Exercise requirements: Except for the pictures, output the records in full and exactly.

*** Opening of Dataset records ***

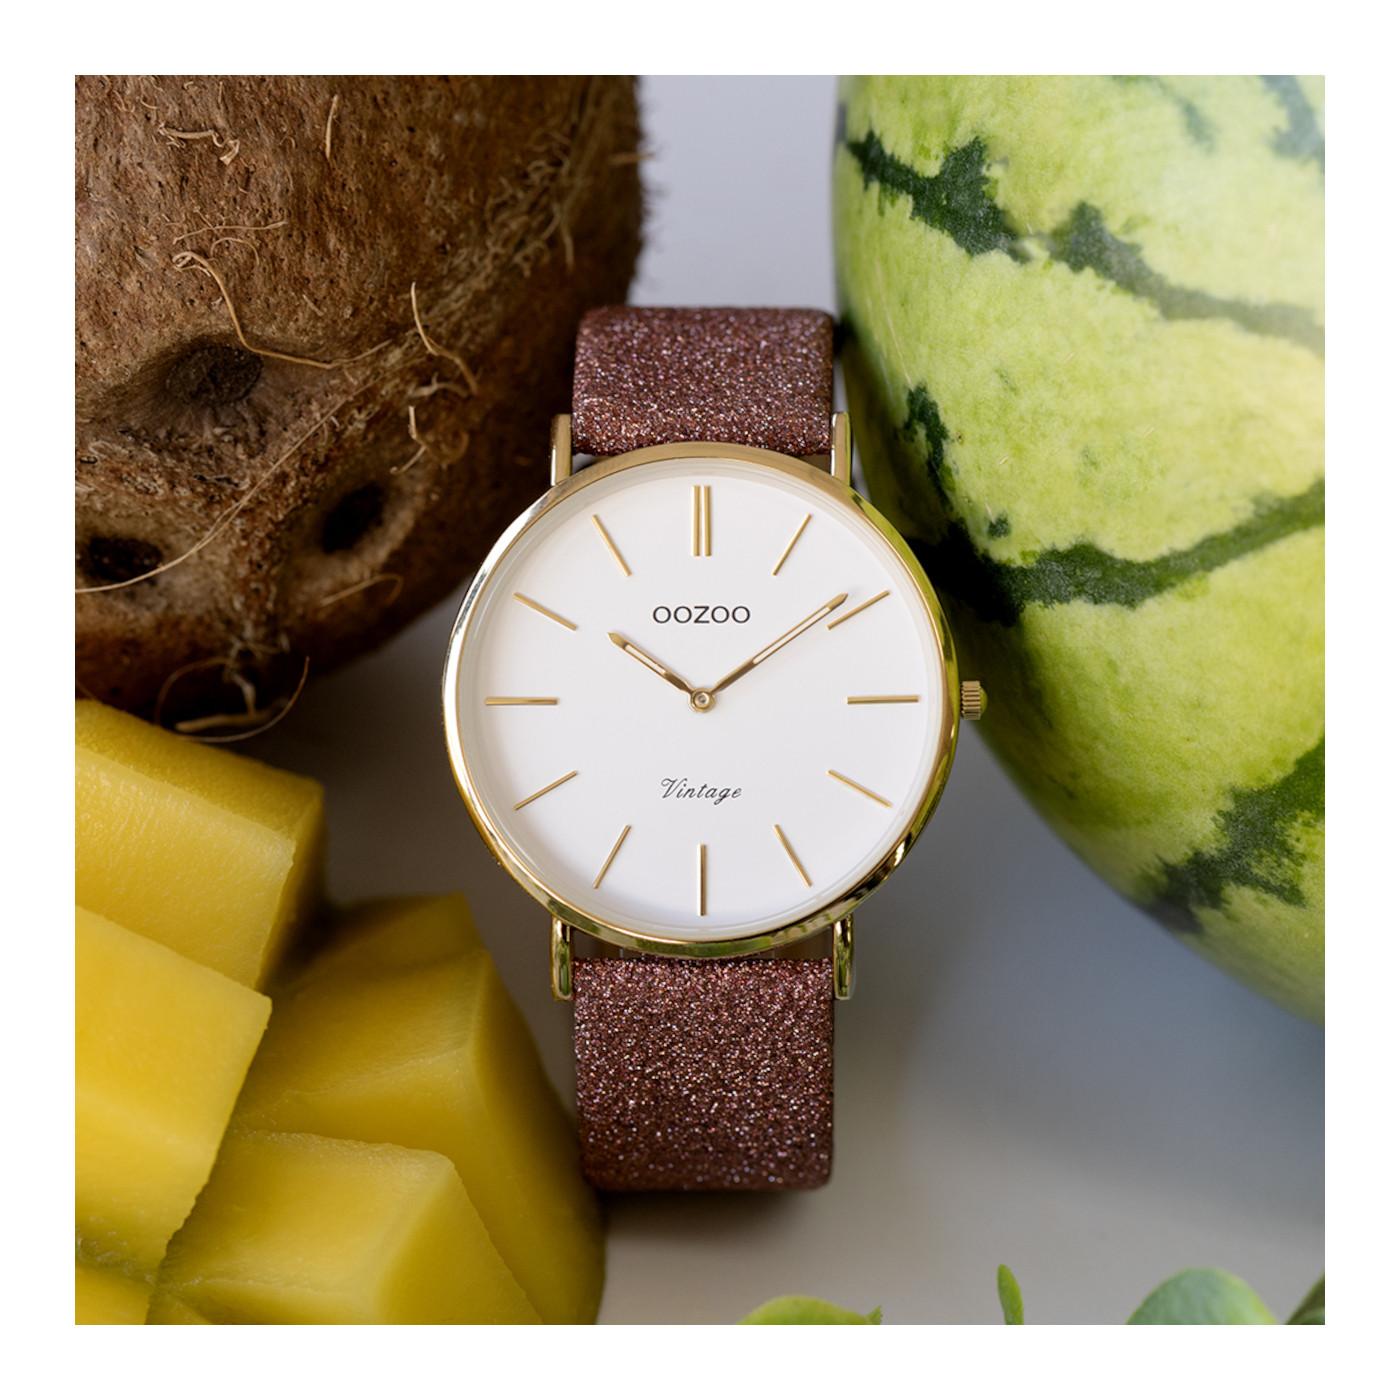 OOZOO Vintage horloge C20149
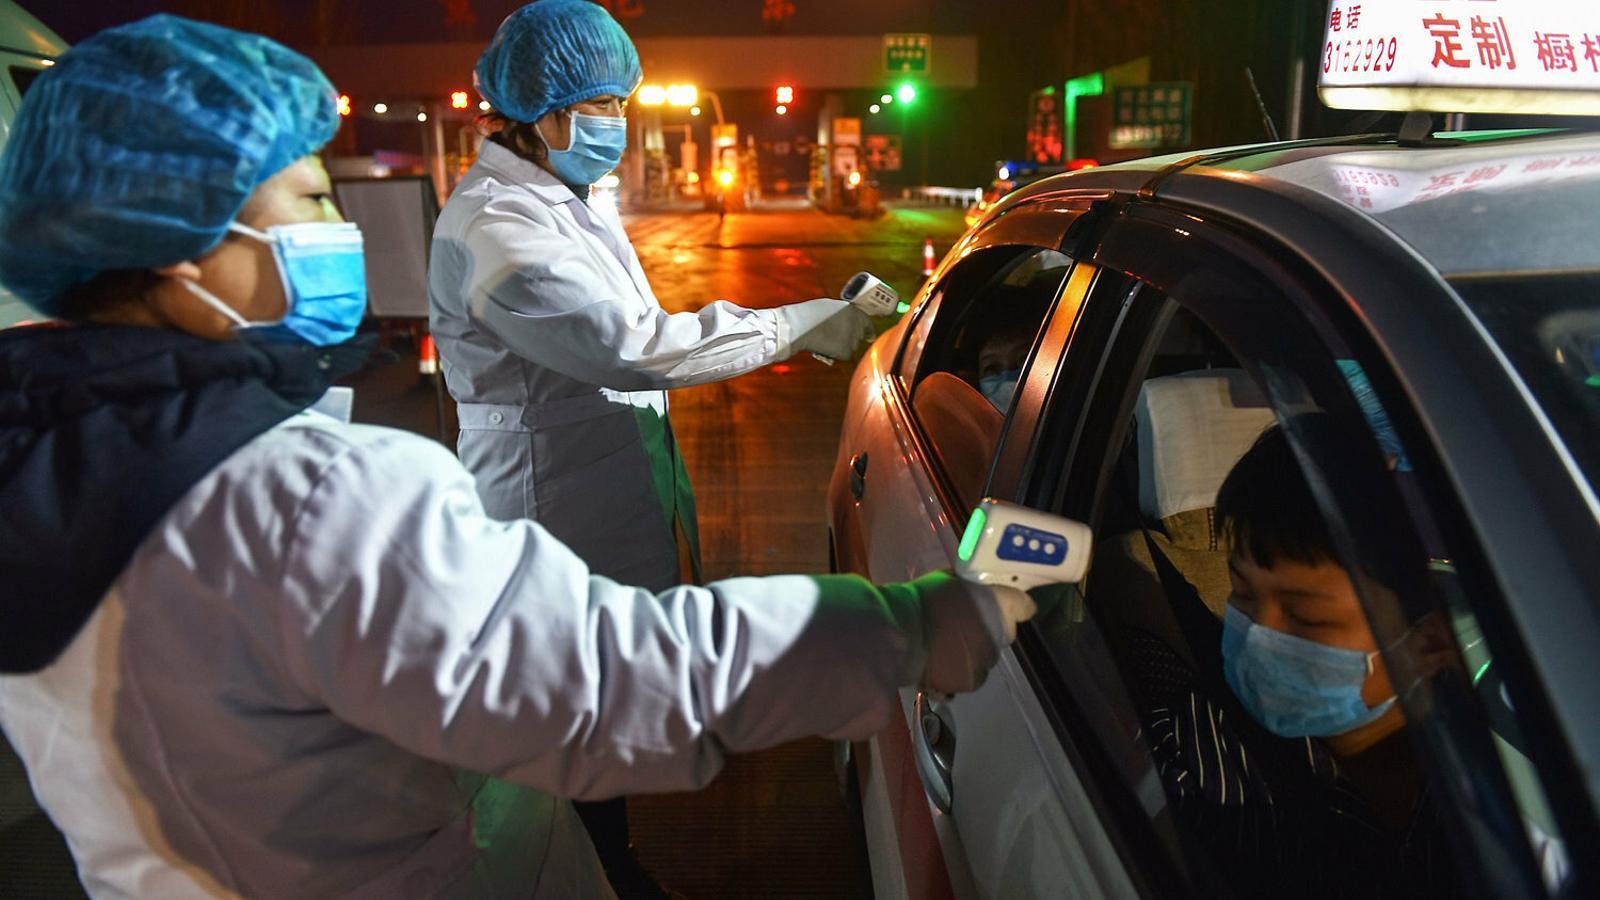 Operaris prenent la temperatura als ocupants d'un cotxe en una sortida d'una autopista a Zhangjiakou, a la província de Hubei, situada al nord de la Xina.
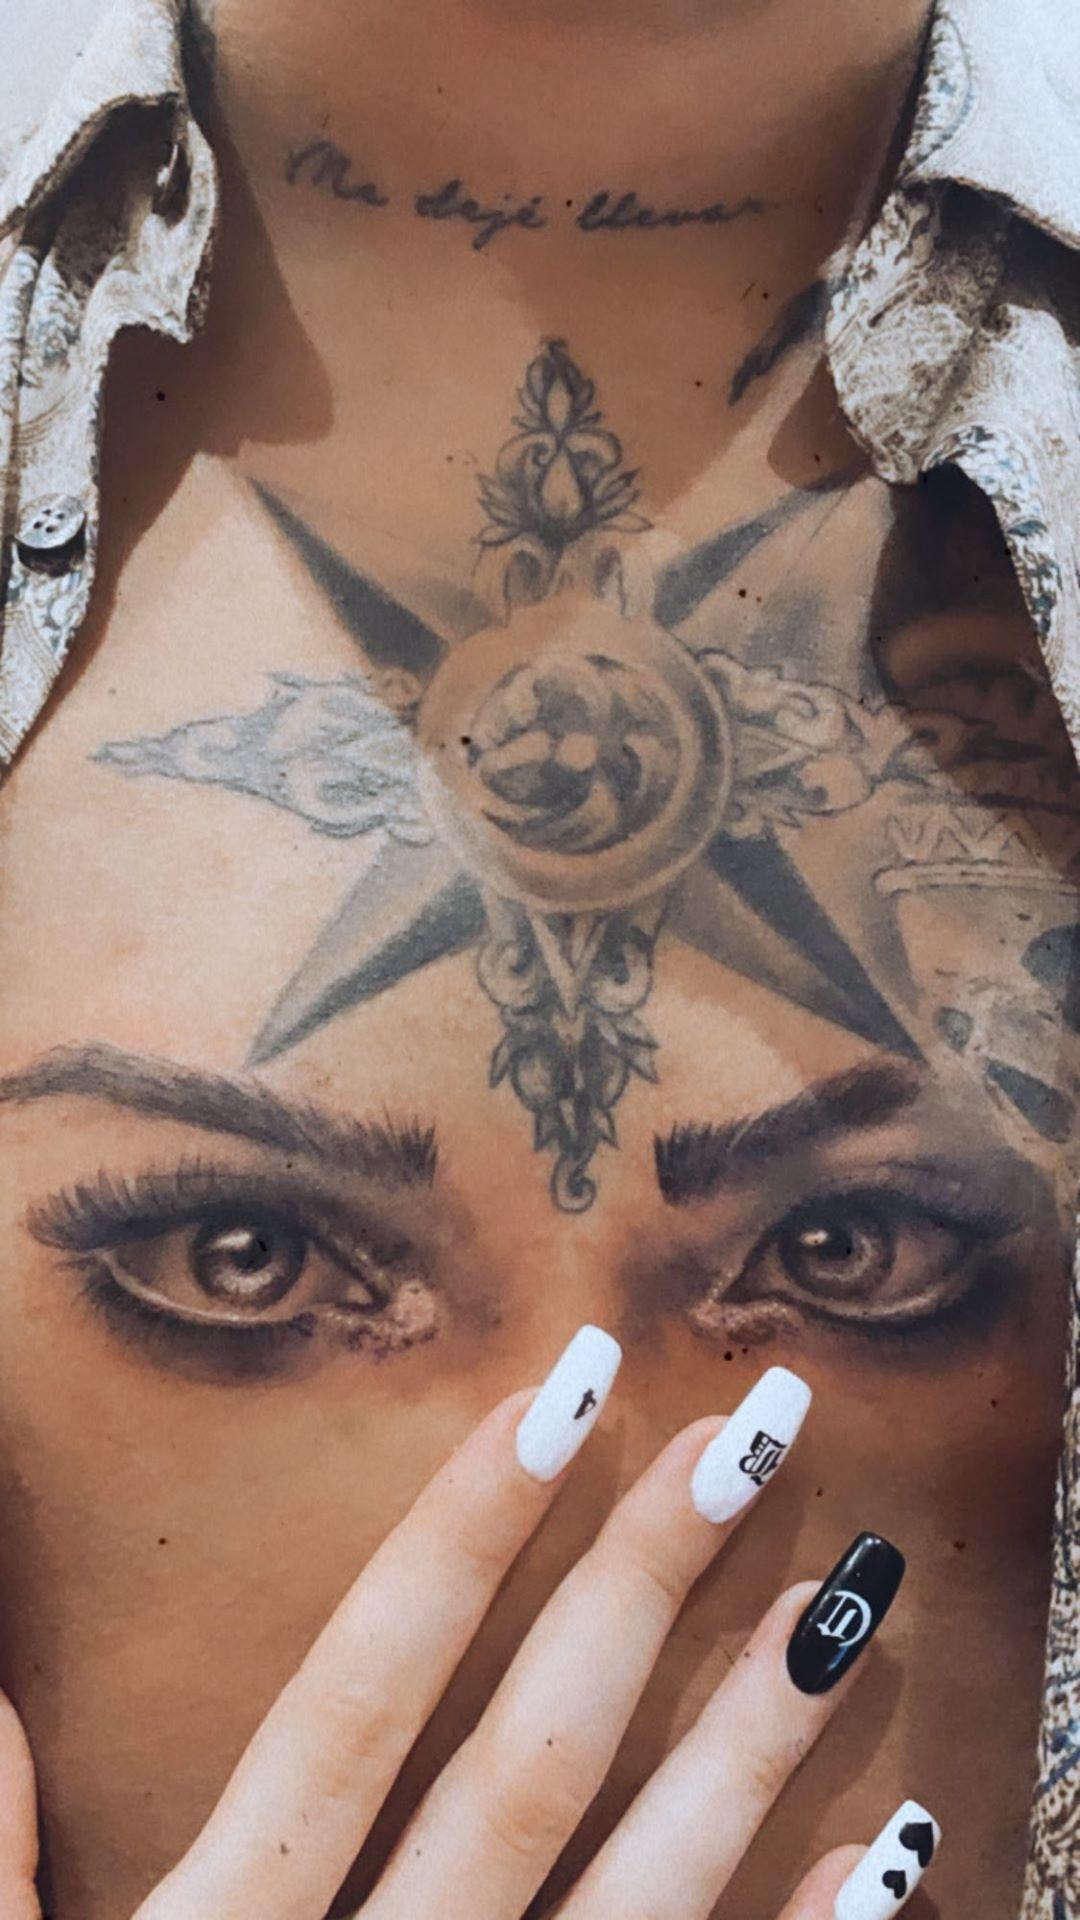 Tatuaje de Christian Nodal
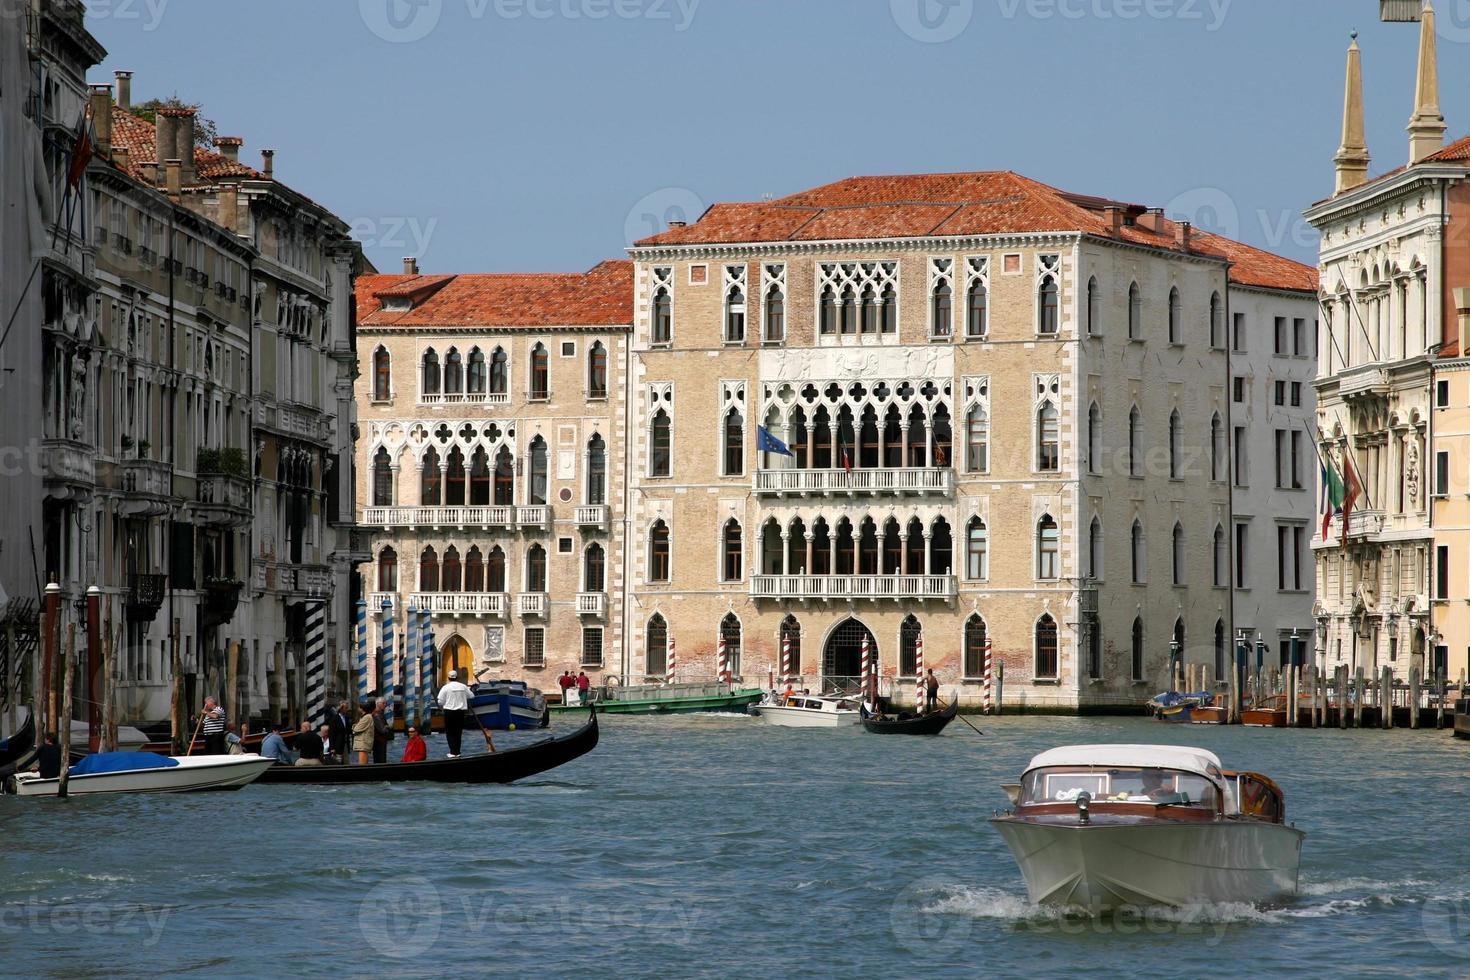 palacio en venecia, italia foto
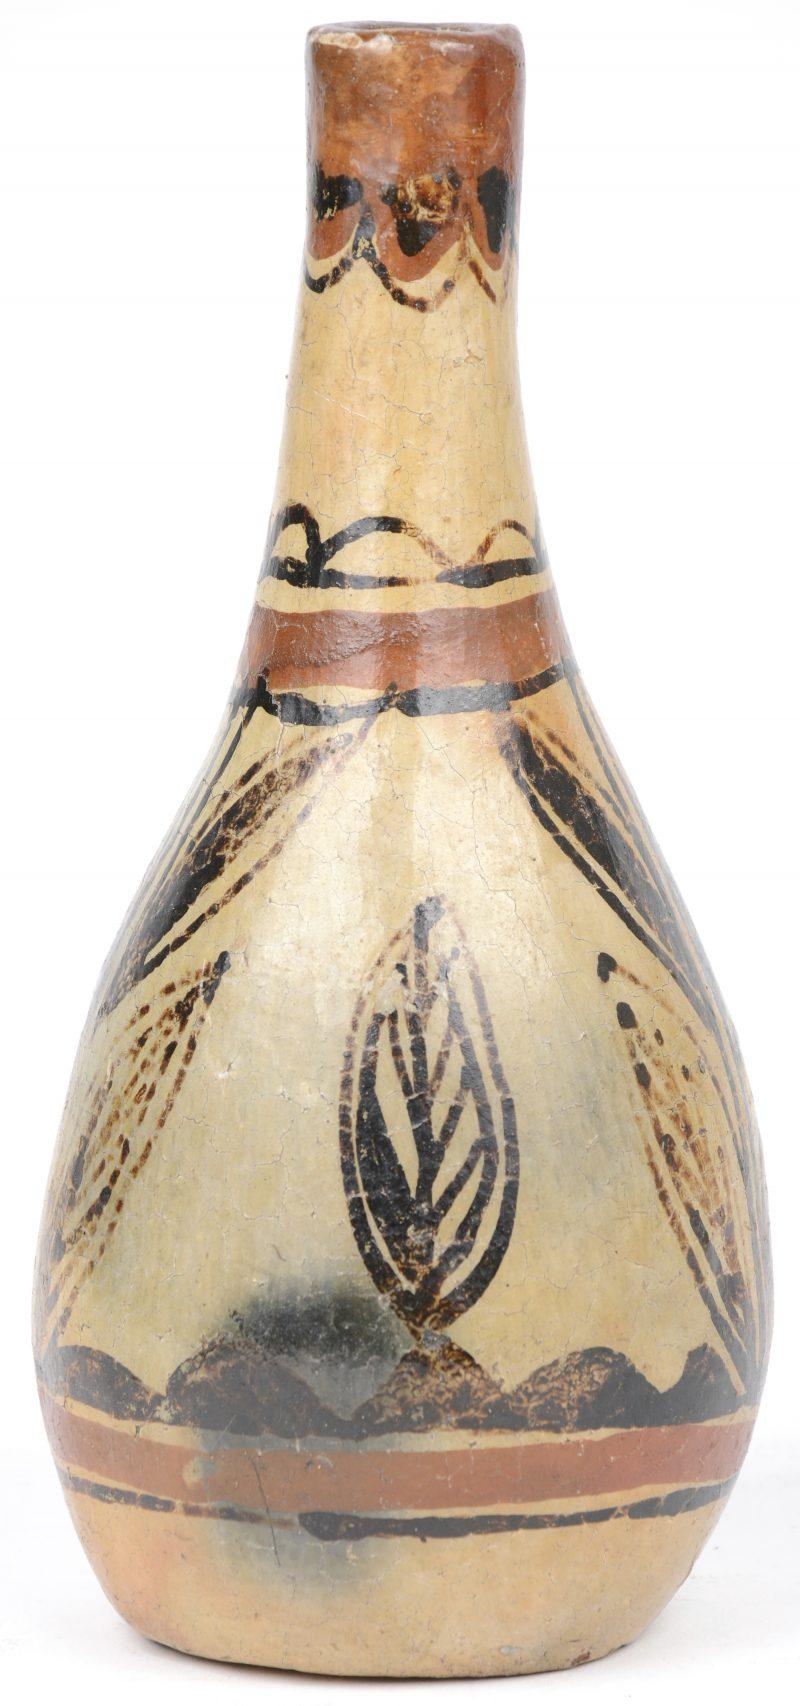 Een antiek flesvaasje van meerkleurig aardewerk met een bladerdecor.

*** Close of Dataset records ***

Response to this task:
 OOZOO Vintage horloge C20149
 Operaris prenent la temperatura als ocupants d'un cotxe en una sortida d'una autopista a Zhangjiakou, a la província de Hubei, situada al nord de la Xina.
 Tatuaje de Christian Nodal
 palacio en venecia, italia foto
 Een antiek flesvaasje van meerkleurig aardewerk met een bladerdecor.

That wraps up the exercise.